Leaving aside the unusual conflict of interest in naming a top editorial leader who has a very big self-interest in selling makeup to consumers — I am only leaving it aside since the Silicon Valley Internet giant has its CMO, Kathy Savitt, as head of media, so all bets are off — many execs inside Yahoo immediately pinged me with an obviously thorny issue.
Which is: Several of Yahoo’s big advertisers are competitive with Bobbi Brown Cosmetics, which has been owned for some time by another beauty giant, Estée Lauder Companies. According to her website, “Bobbi Brown retains creative control of the brand.”
Let’s be clear — the intersection of beauty magazines and beauty companies has been rather fuzzy line for a long time. Still, business is business.
Those major Yahoo advertisers include France’s L’Oréal Group, Procter & Gamble and Unilever. Yahoo even touts those brands on its advertising site, such as a recent P&G campaign. The consumer goods giant, which owns CoverGirl, is one of Yahoo’s biggest advertisers.
I have reached out to these Yahoo advertisers for comment. Some inside the company’s sales organization said they were caught by surprise by the announcement, and were not very happy about it.
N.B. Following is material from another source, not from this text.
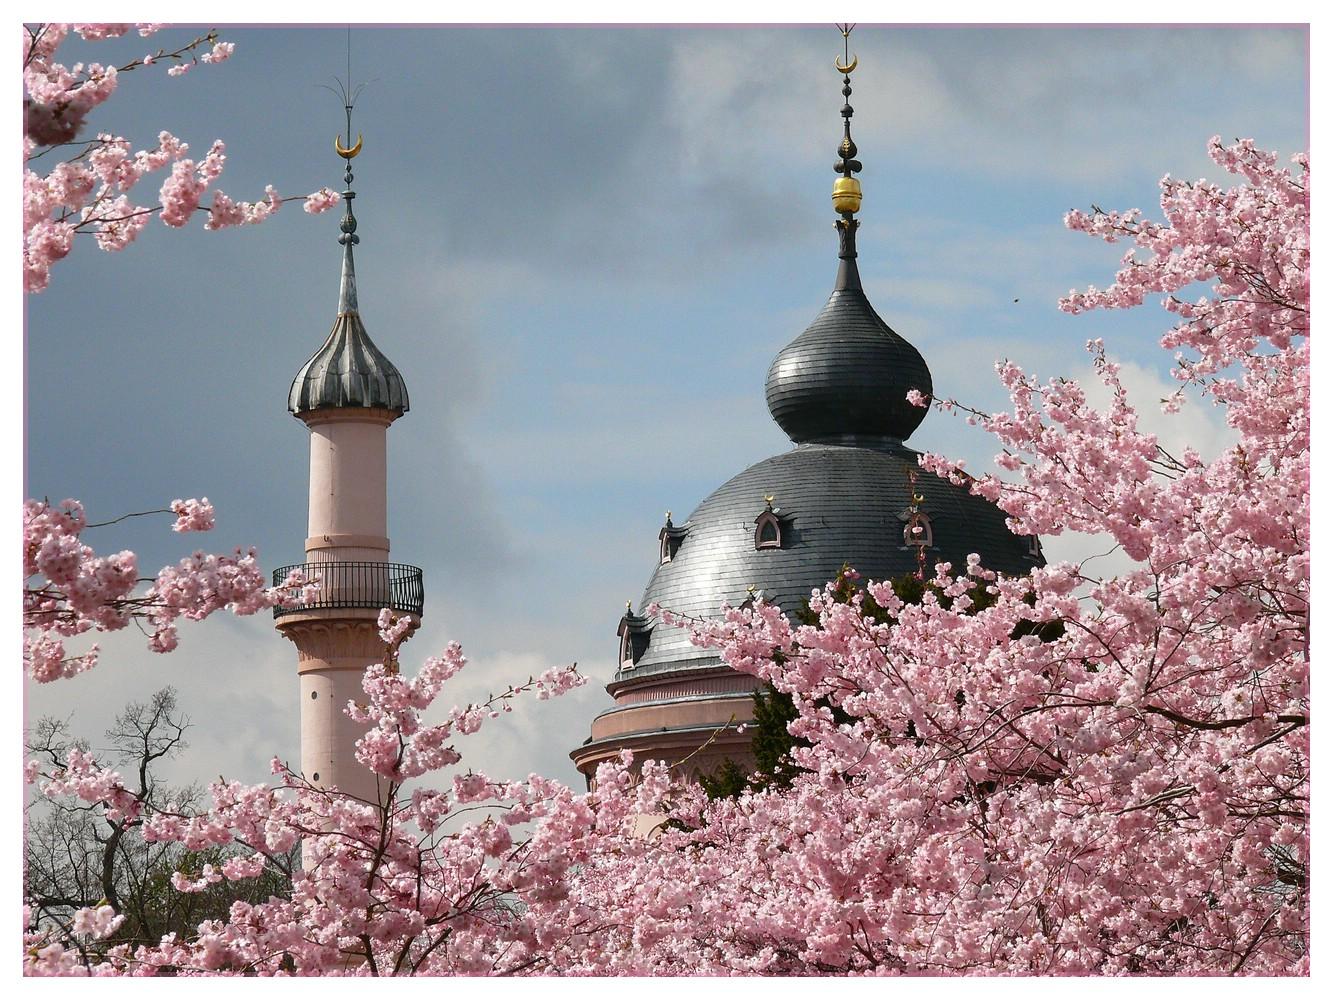 ~ Moschee in rose ~

Apparently, the deal to bring in Brown was led primarily by Savitt and also CEO Marissa Mayer, who were apparently attracted to Brown’s star wattage. A prolific writer of beauty books, Brown does does regular segments on television, and is a clear fashion star.
In its posting on the appointment, Yahoo said Brown “will lead editorial direction, original content and the expansion and re-imagination” of the beauty site. Brown, who will keep her job at the cosmetics company, said, in part: “Beauty is not just about makeup, it’s about lifestyle and confidence.”
However Yahoo manages to assuage advertisers who might be irked, the Brown move is part of a plan to shutter its longtime and massive women-focused content site Shine, and to chop it all up and relaunch a series of online lifestyle “magazines.”
The plan includes the hiring of a number of glossy editors, such as former New York Times tech reviewer David Pogue to run Yahoo Tech, and Paula Froelich, the former high-profile “Page Six” editor, to be Yahoo Travel editor.
Both come, of course, from the edit side — Brown, in even the nicest interpretation of her career, straddles that divide.